Instruction tuning offers several advantages. It trains models on a collection of tasks described via instructions, granting LLMs the capacity to generalize to new tasks prompted by additional instructions. This sidesteps the need for vast amounts of task-specific data and instead uses textual instructions to guide learning.
While traditional finetuning acquaints models with task-specific data, instruction finetuning adds an extra layer by incorporating explicit instructions to guide model behavior. This approach empowers developers to shape desired outputs, encourage specific behaviors, and steer model responses.
Finetuning Techniques
There are several finetuning methods. We’ll learn more about them later in the course.
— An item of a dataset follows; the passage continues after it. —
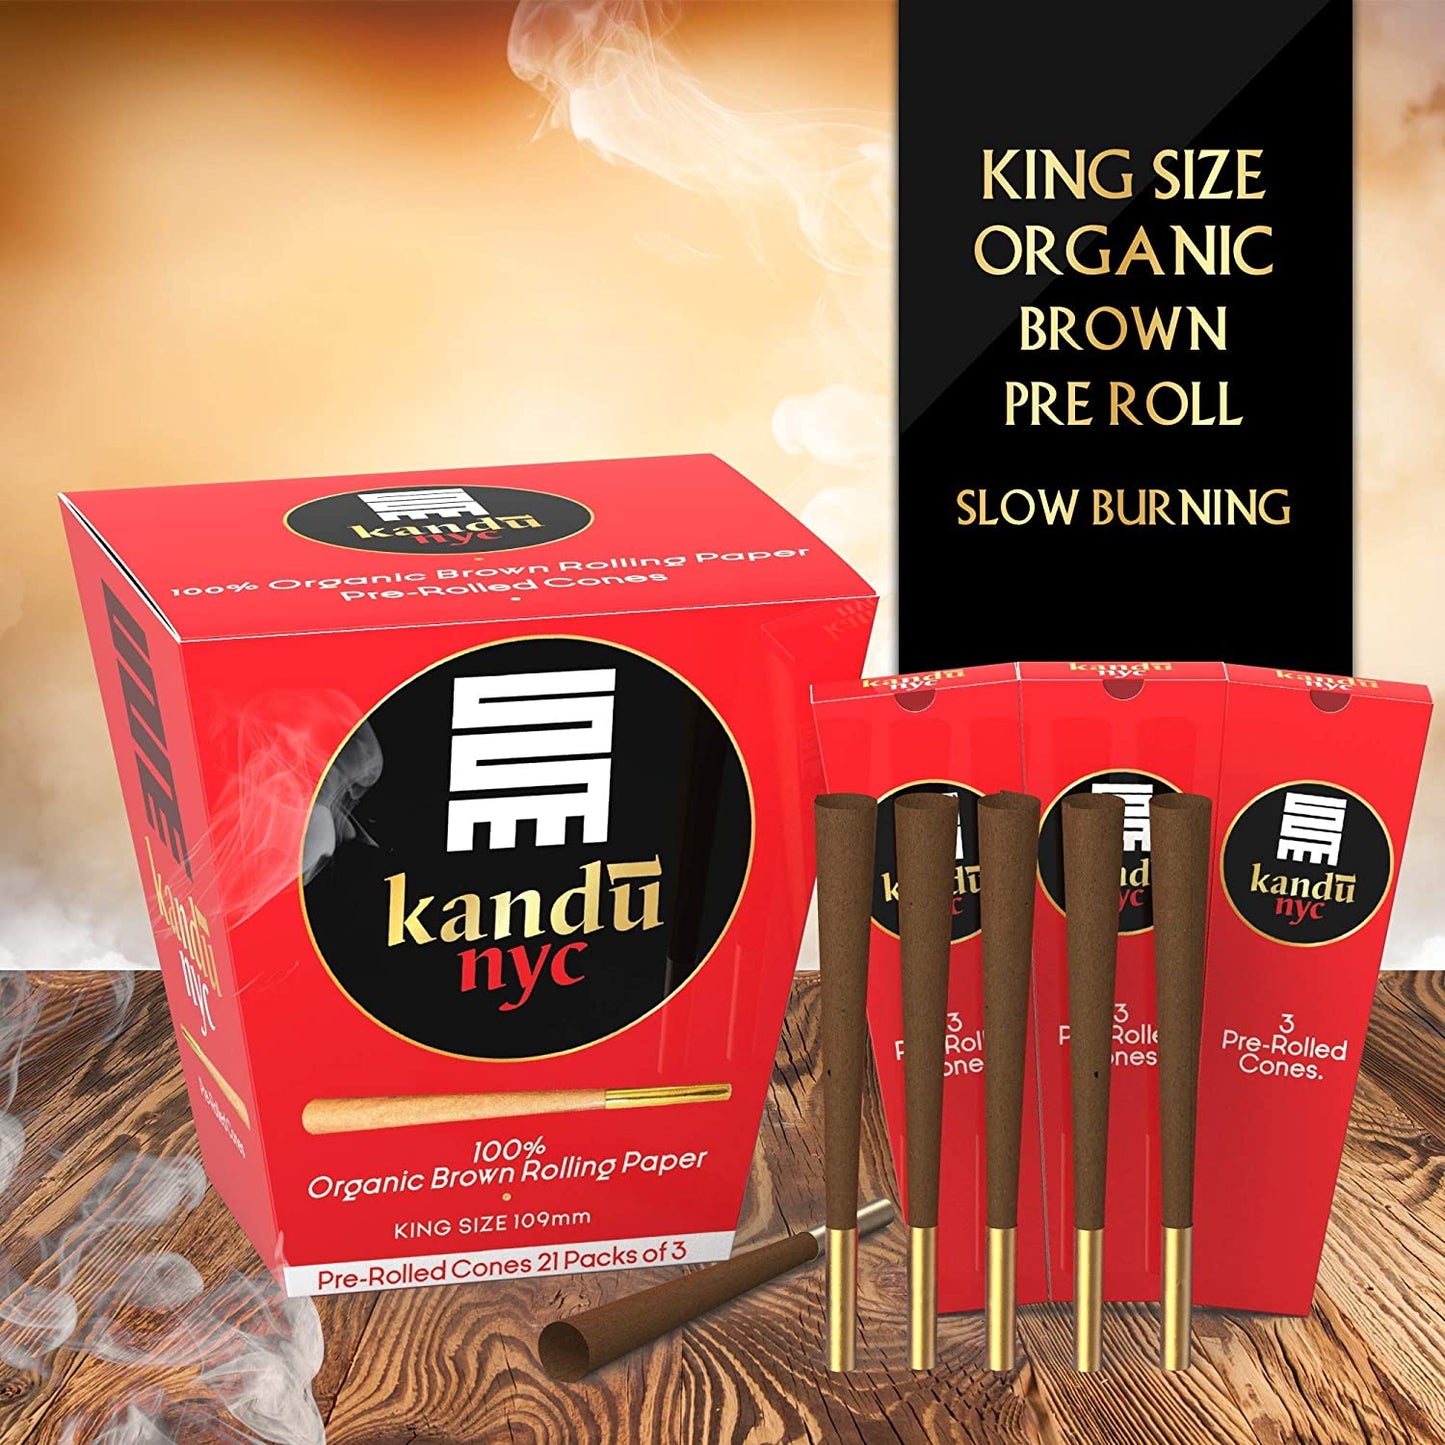 Kandu NYC King Size Pre Rolled Cones, Display Box 21 Count with 3 Cones Each Flower Power Packages 
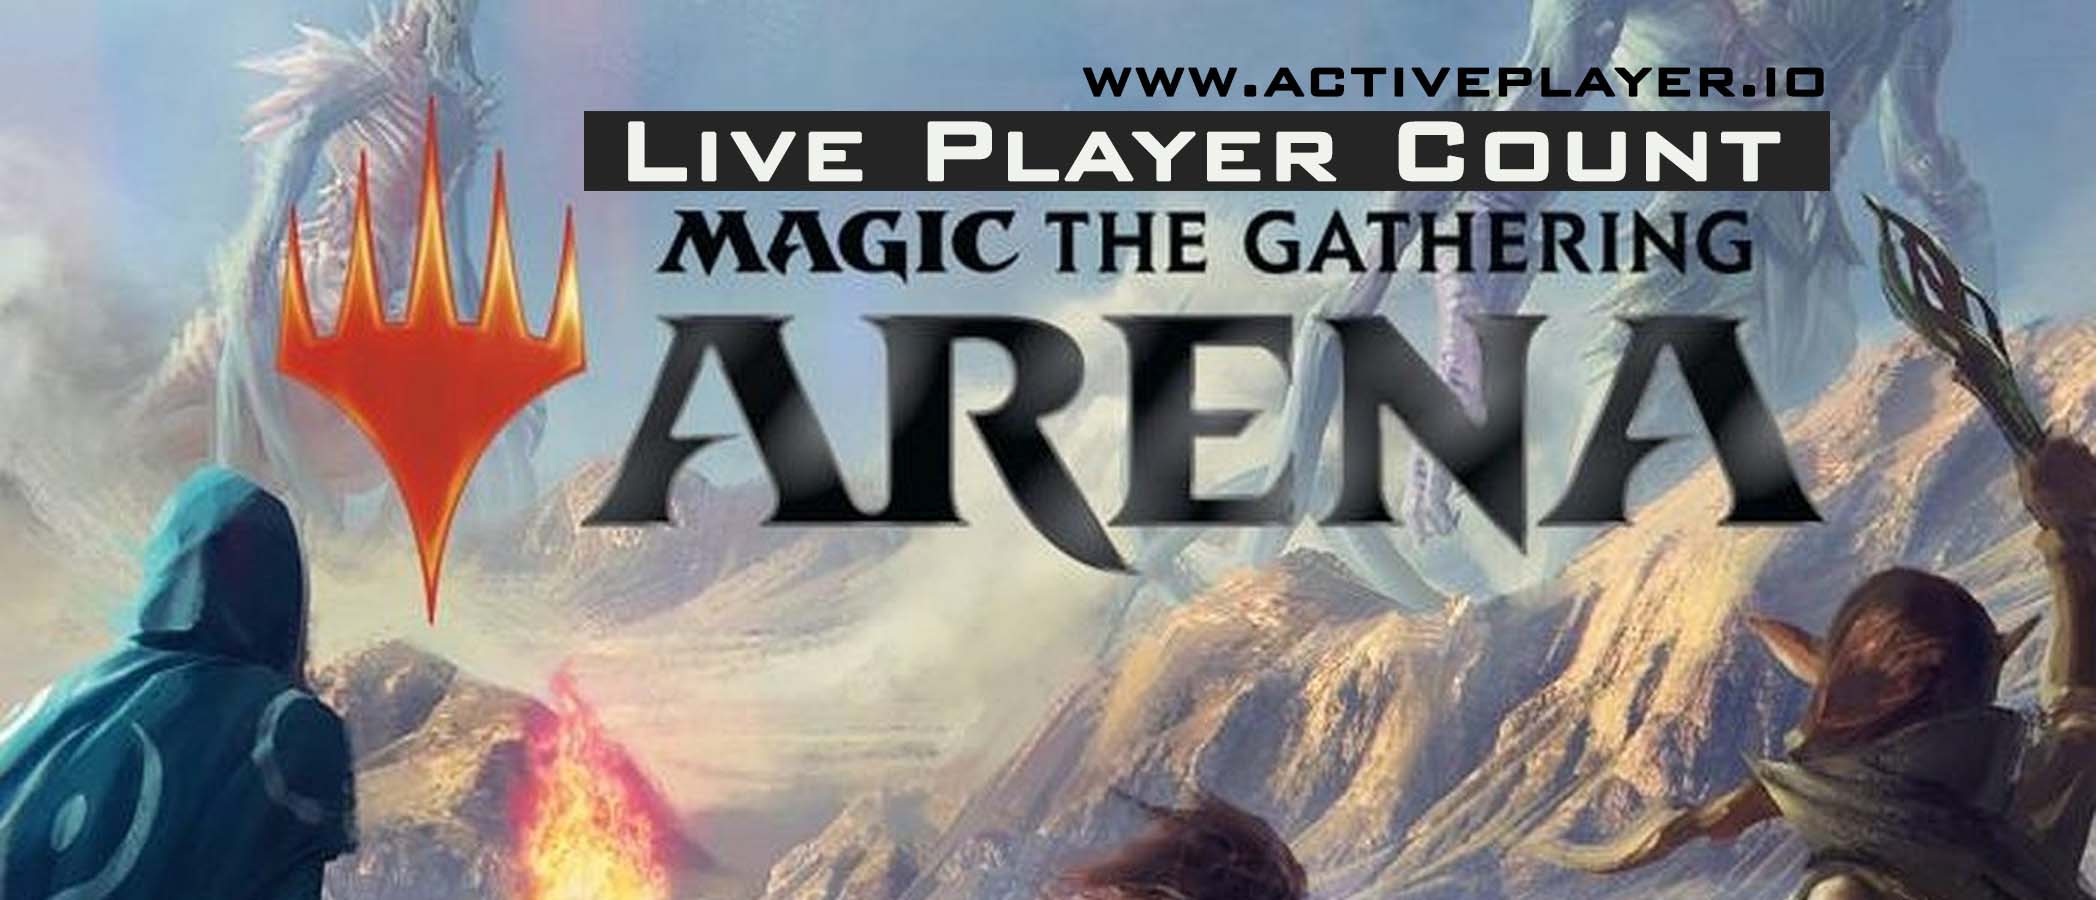 MTG Online vs. Arena: Which Is Right For You?

There are multiple methods in fine-tuning with a focus on the number of parameters, such as:
- Full Finetuning: This method is based on adjusting all the parameters in the pretrained LLM models in order to adapt to a specific task. However, this method is relatively resource-intensive, requiring extensive computational power.
- Low-Rank Adaptation (LoRA): LoRA aims to adapt LLMs to specific tasks and datasets while simultaneously reducing computational resources and costs. By applying low-rank approximations to the downstream layers of LLMs, LoRA significantly reduces the number of parameters to be trained, thereby lowering the GPU memory requirements and training costs.
Multiple methods are focusing on the learning algorithm used for finetuning, such as:
- Supervised Finetuning (SFT): SFT involves doing standard supervised finetuning with a pretrained LLM on a small amount of demonstration data.
- Reinforcement Learning from Human Feedback (RLHF): RLHF is a training methodology where models are trained to follow human feedback over multiple iterations.
Later in this course, we’ll see how to finetune a model using SFT and RLHF, both using LoRA.
Conclusion
In this lesson, we covered the pretraining and finetuning of LLMs. Pretraining equips LLMs with a profound grasp of language by immersing them in vast text corpora.
Finetuning then bridges the gap between general understanding and specialized knowledge, allowing LLMs to perform well in specialized domains. Instruction finetuning makes LLMs become versatile assistants, enabling precise control over their behavior through explicit guidance.
From full finetuning to the resource-efficient Low-Rank Adaptation (LoRA) and from Supervised Finetuning (SFT) to Reinforcement Learning from Human Feedback (RLHF), we also learned about the most popular finetuning techniques.
In the next module, we’ll do some hands-on exercises up to launch a pretraining of an LLM on the cloud.